Language tandems and how to make them work :)

I’ve been thinking about language tandems for a while. I’ve started using them even more these days, in order to start practicing Hungarian in a more alternative and relaxed way. Curiously, many people have told me that they’ve enjoyed our tandem since the topics never die out or that we rely in a less strict schedule.

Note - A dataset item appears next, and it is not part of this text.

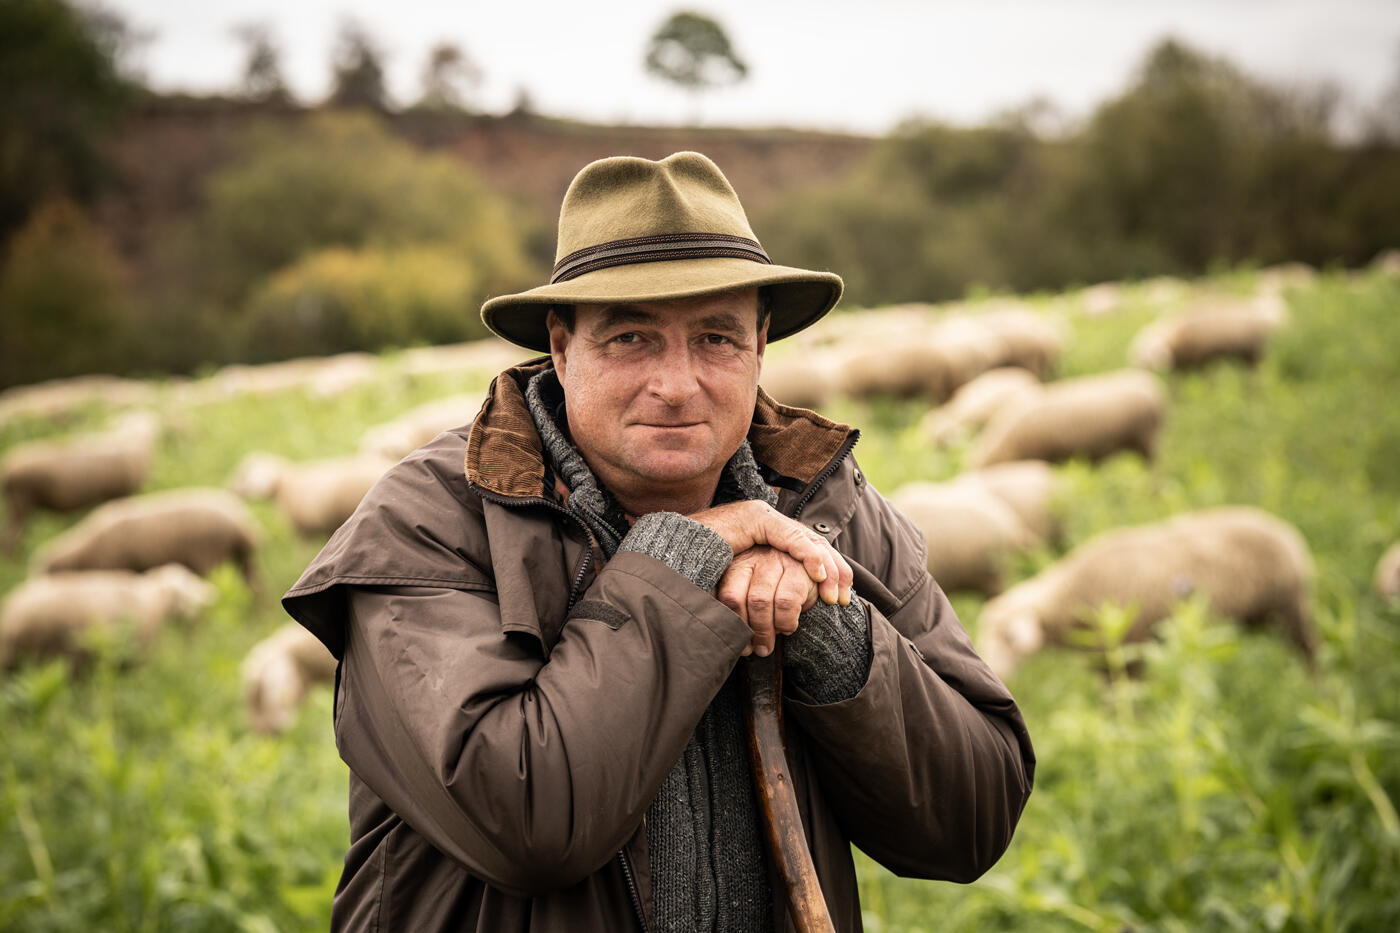 Mann mit Hut und Stock, der in einer Wiese steht. Im Hintergrund grasen Schafe.

I’ve thought it’d be a good idea to share what has really worked well with my tandem partners and I during our exchanges and hopefully know what has worked for you as well:

  1. Try to set a topic beforehand. It will make conversations less awkward and more relaxed. If you both like movies, for example, talk about the latest movie you’ve seen. If your partner seems to have an interesting job or so, ask about it! Most people are afraid of making the first move in tandems, but honestly, this is one of the few moments when it’s totally okay!
  2. The 30-30 approach. Several times, you are going to meet the perfect language tandem partner. You want to learn his/her language and he/she wants to learn yours! It can be both a positive and a negative thing. You might not know how to start or when to talk in one language or other. Thus, splitting your tandem time in halves can be a thing that can help you both. Remember, time can fly so, if you see you’ve been talking in one language for a long time, don’t be afraid to yell SWITCH! or simply reply in the other language.
  3. Corrections and feedback. This is probably the hardest part. You and your partner will eventually make mistakes in each other’s languages. Awkward pronounciations, wrong spelling/conjugations, whatever. If you’d correct every single mistake, most of your tandem time would be wasted. Thus, the best attitude for it is to prioritize instant corrections. Unless they are really but really awkward/wrong/funny, keep them to yourself until the tandem is about to be over and you can give your partner his/her feedback. You can use a piece of paper and a good pen to write (hopefully, he/she won’t notice). Ask your partner to do the same, and you’ll get a smoother language exchange without several interruptions.
  4. No time, big time differences, different schedules??? NO PROBLEM! No one said that language tandems must be done live, with a webcam and mic and in your room. Since both of the languages I learn are from another continent, with a big time difference included, I cannot talk 100% live with my language partners. By the time I get home, several of them are about to go to bed or resting after a hard day at work/school. So, this is where technology helps. Most of my language tandems have been done during some dead time at work, while commuting or even at friends’ parties. Yeah! I make great use of mobile apps that not only allow text messages, but voice messages as well. Sending each other voice messages is a great tool in order to have feedback on pronounciation, fluency and other language abilities. And the best thing, you don’t have to be online together or commit yourself to a schedule you might not able to obey every time.